- **INFORMATION SUPPLIED**:
--- --- ---

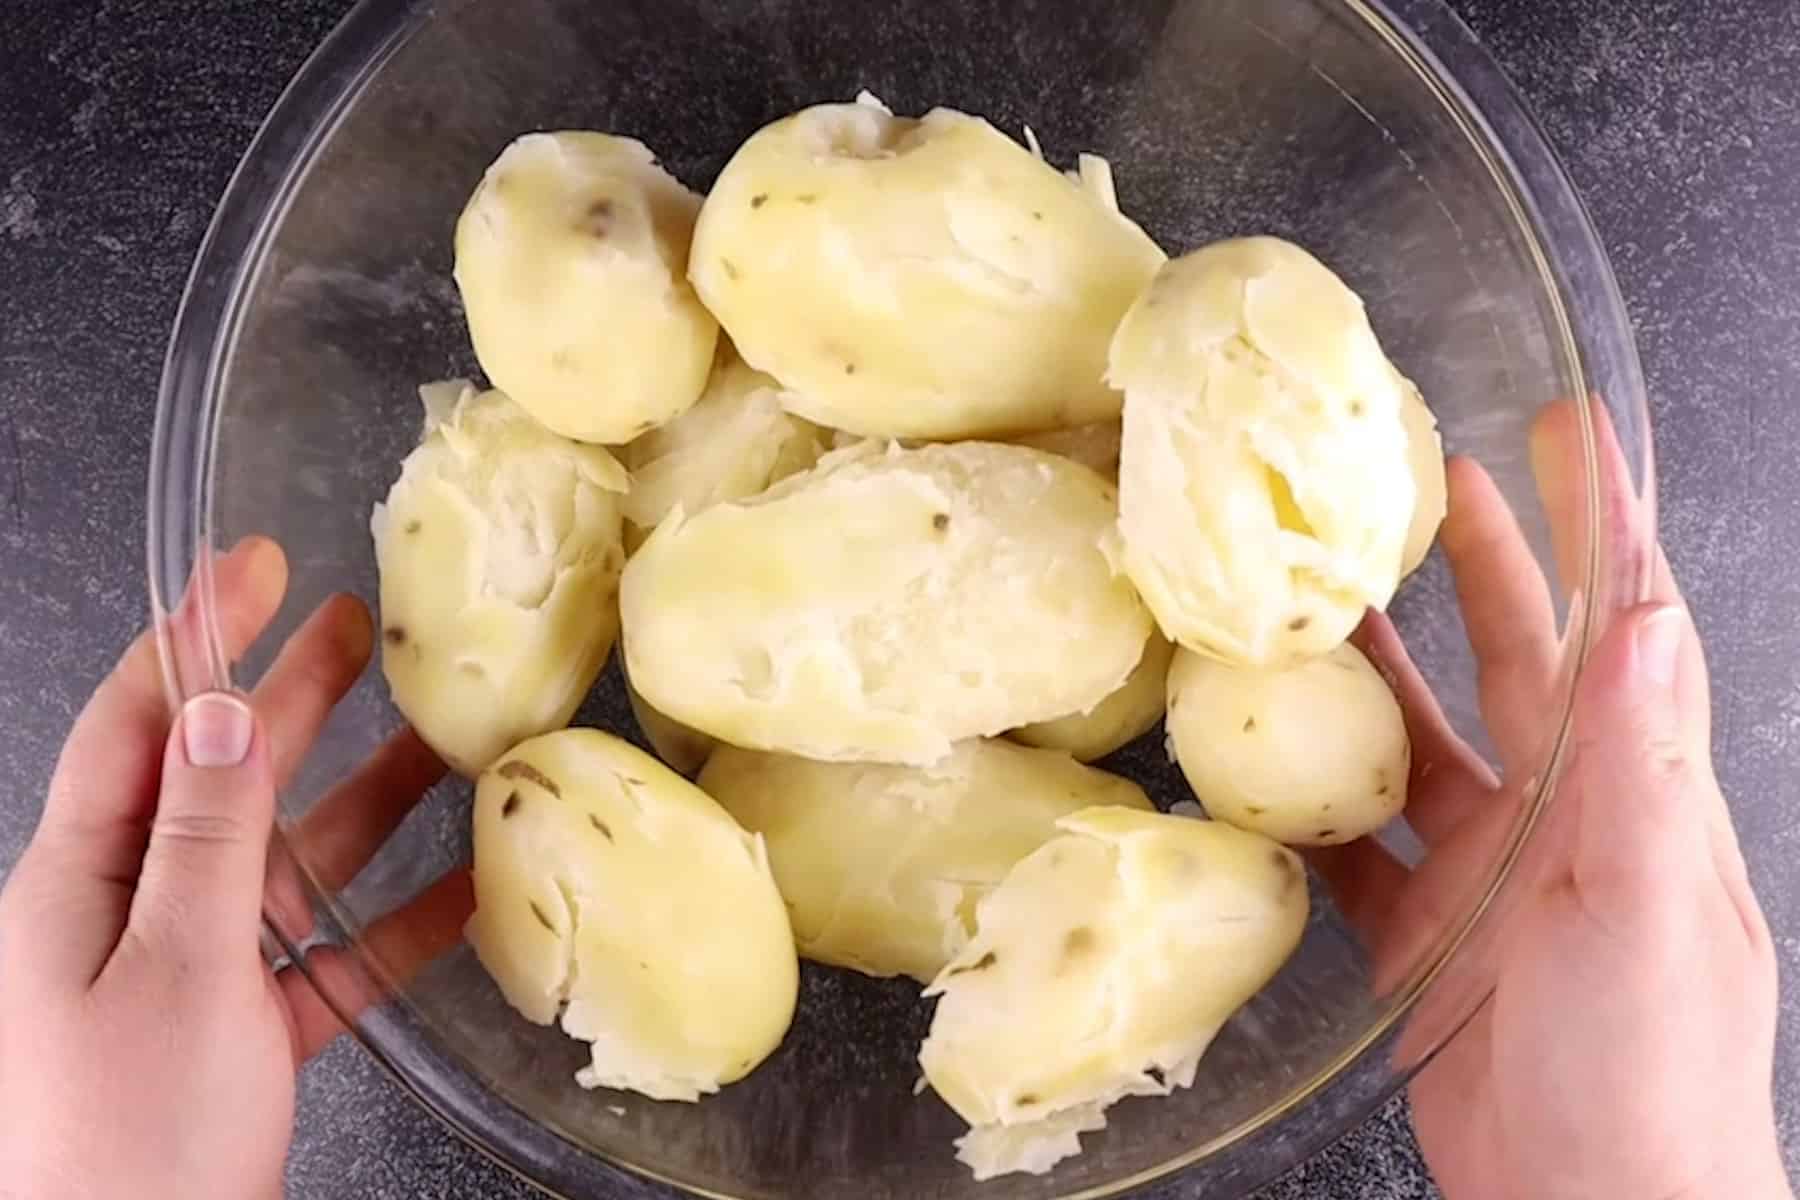 peeled and boiled potatoes
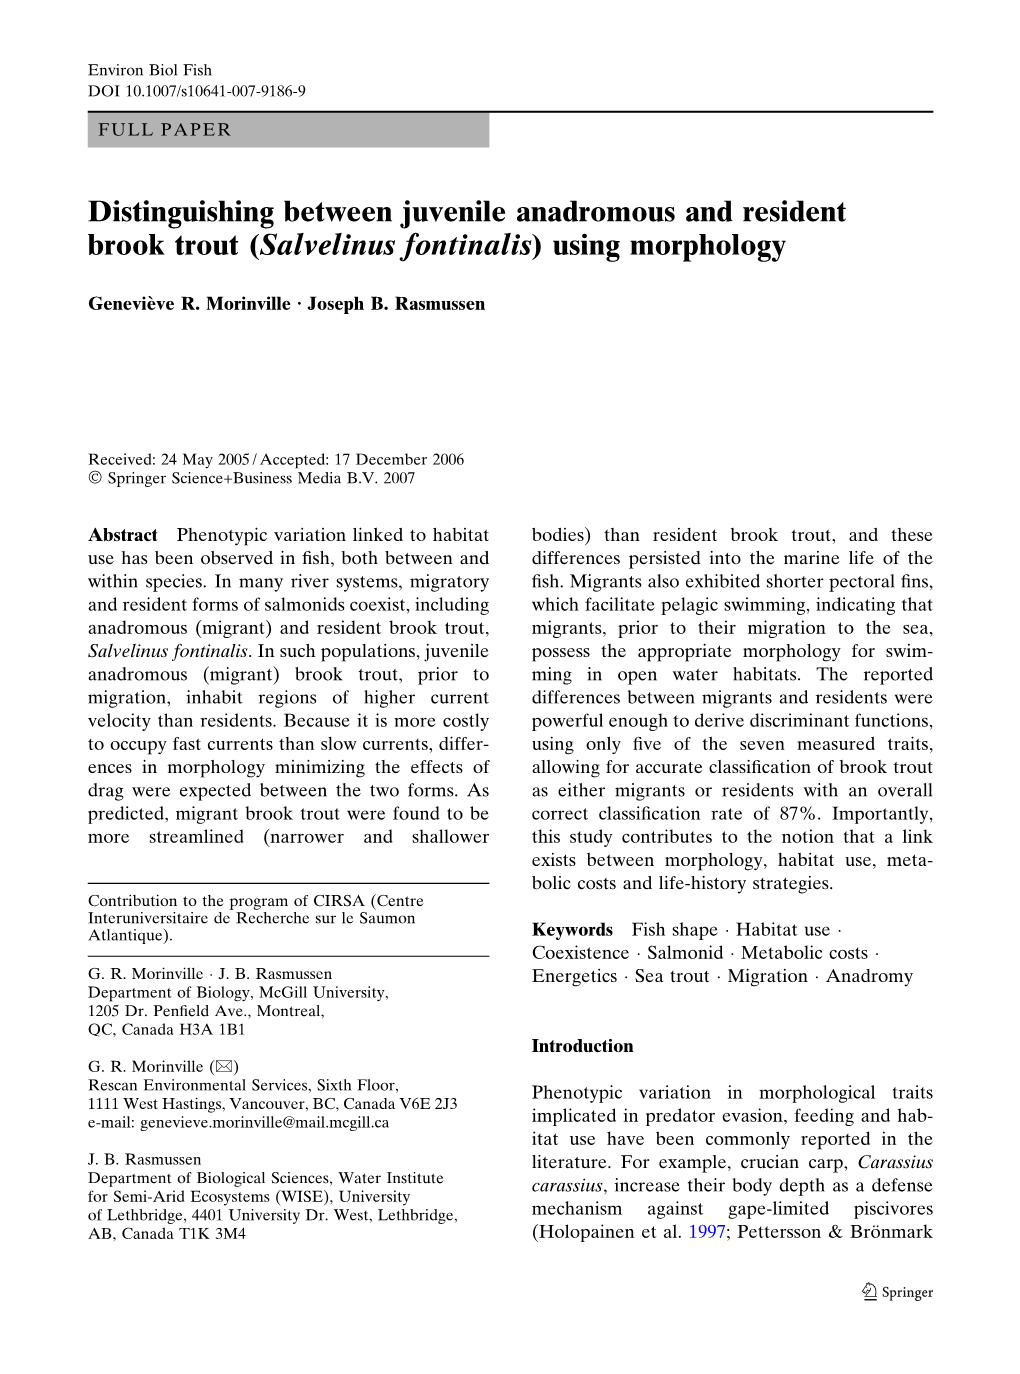 Distinguishing Between Juvenile Anadromous and Resident Brook Trout (Salvelinus Fontinalis) Using Morphology
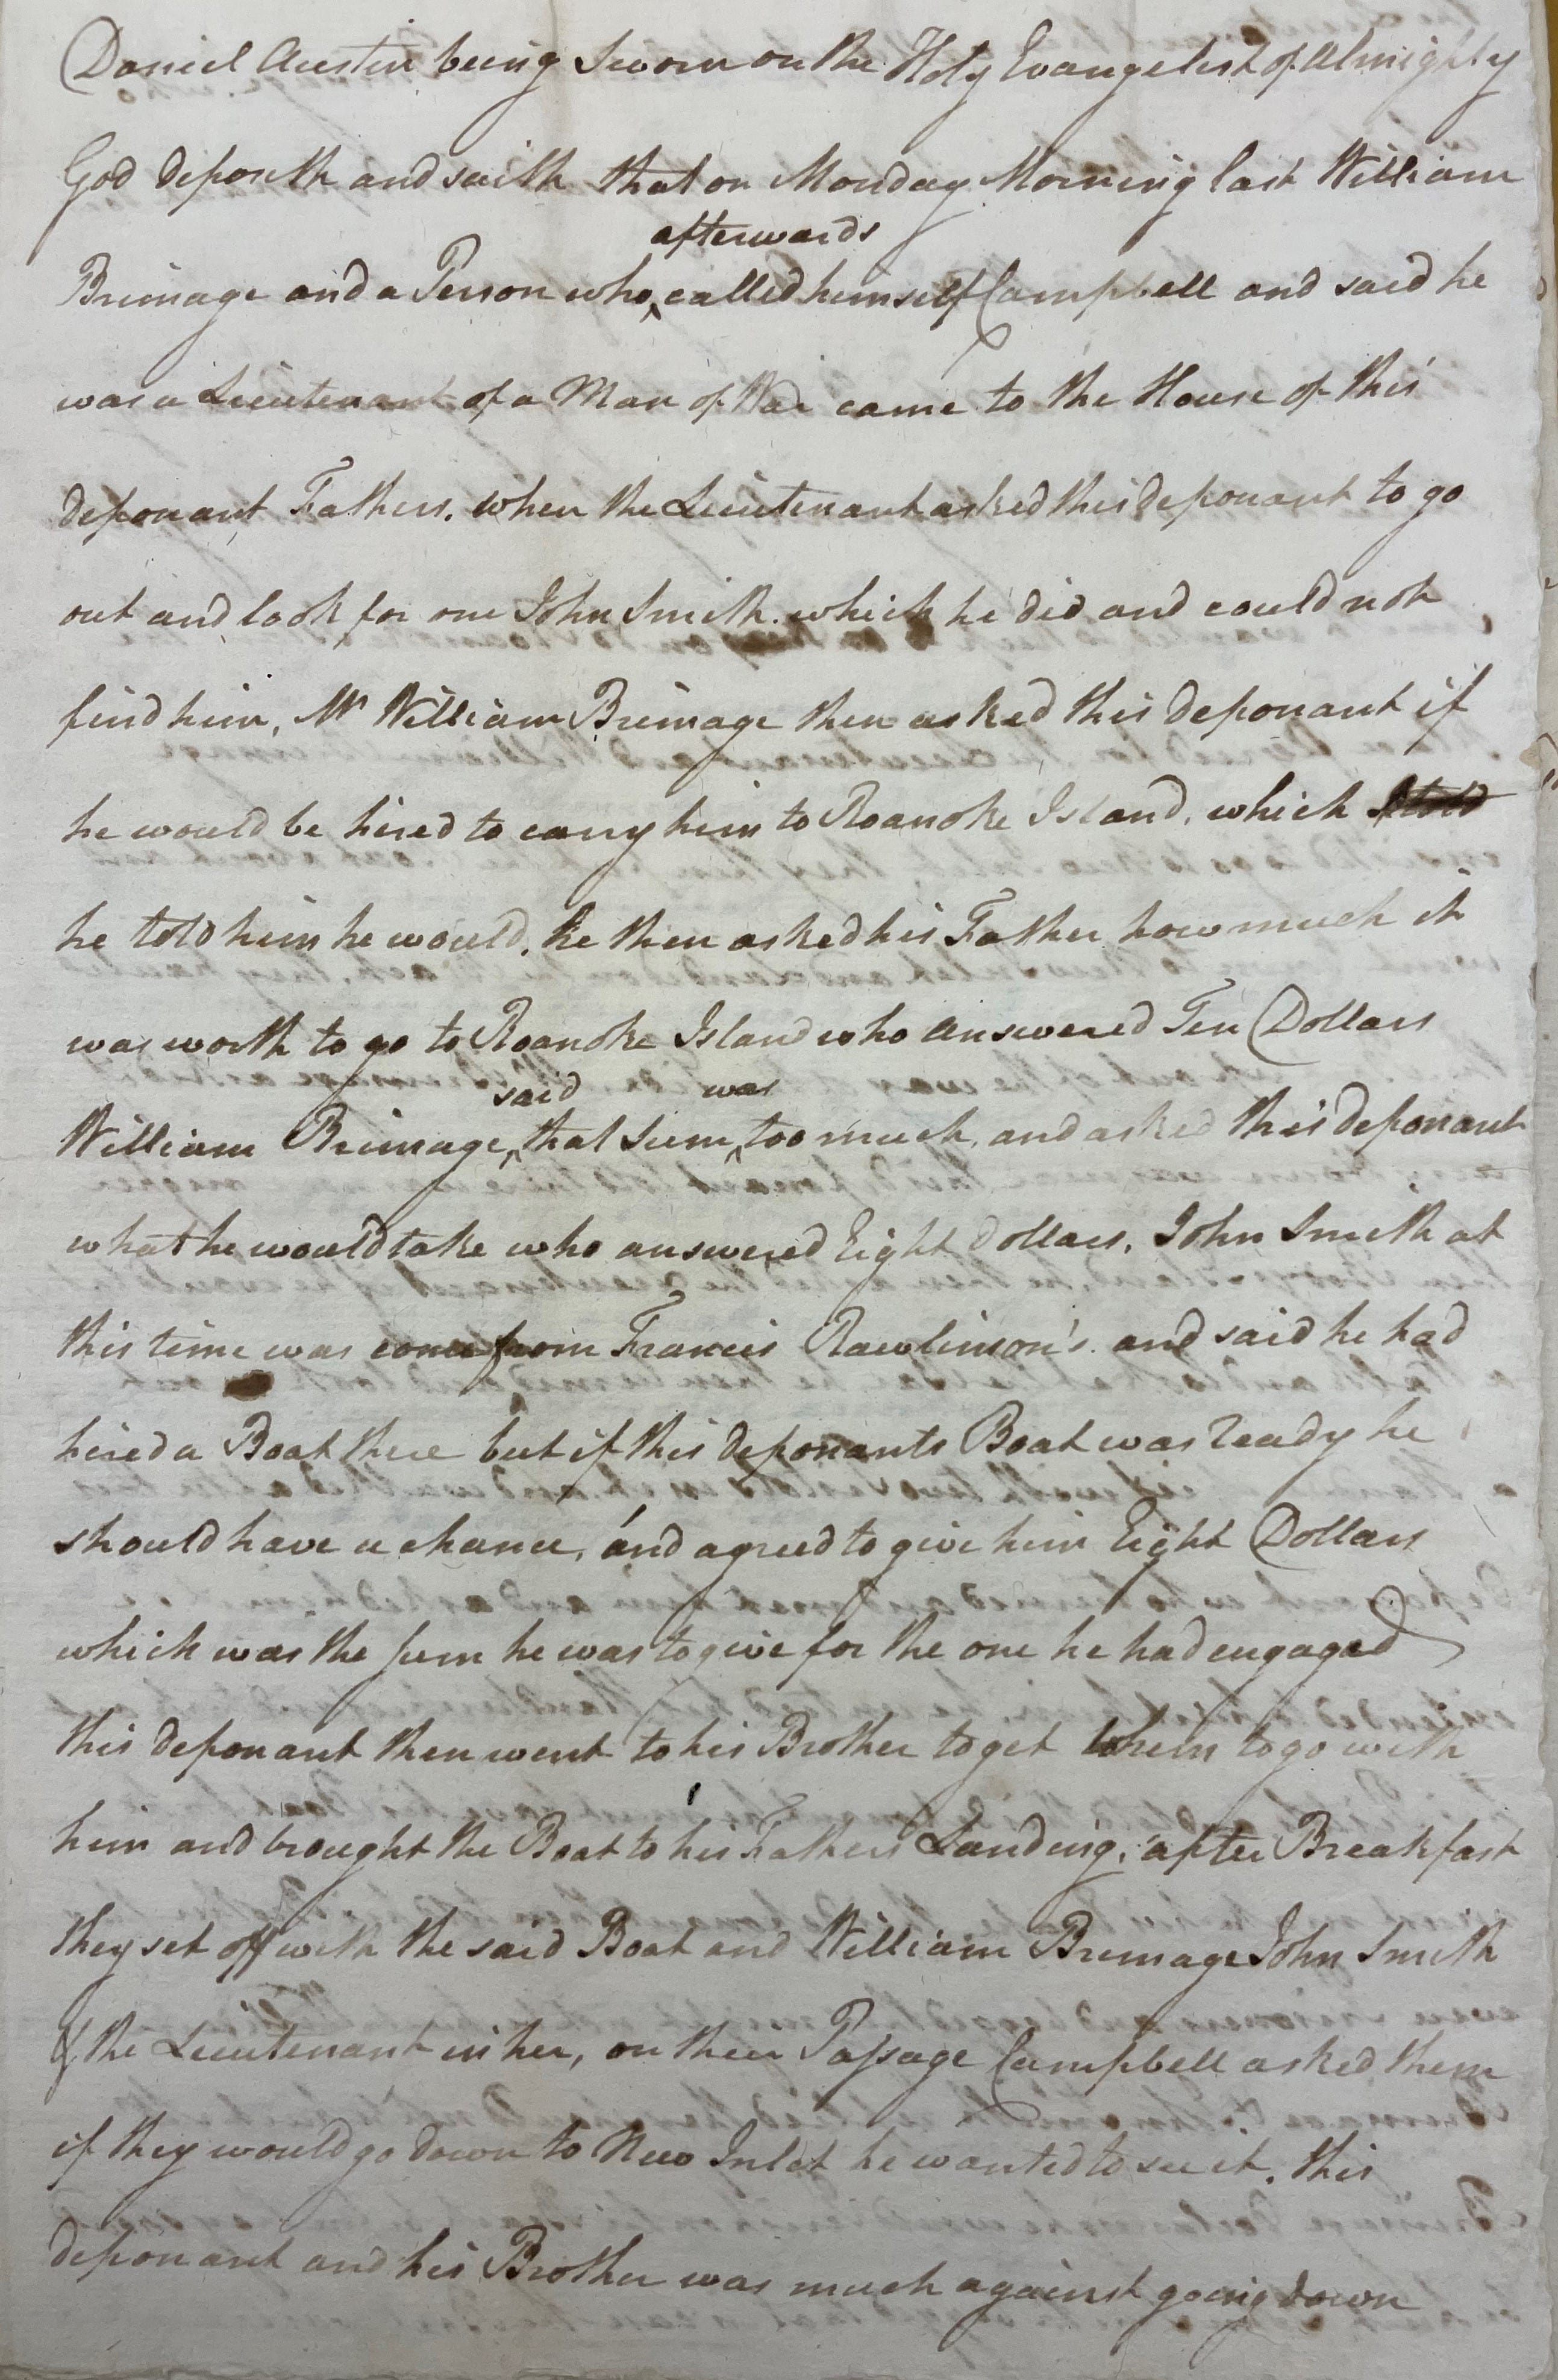 Deposition of Daniel Austin, 30 July 1777, page 1

--- --- ---

- **WHAT THE TASK ASKS**: The answer must be the data above, repeated exactly, with no pictures.

- **EXERCISE RESULT**:
 peeled and boiled potatoes
 Distinguishing Between Juvenile Anadromous and Resident Brook Trout (Salvelinus Fontinalis) Using Morphology
 Deposition of Daniel Austin, 30 July 1777, page 1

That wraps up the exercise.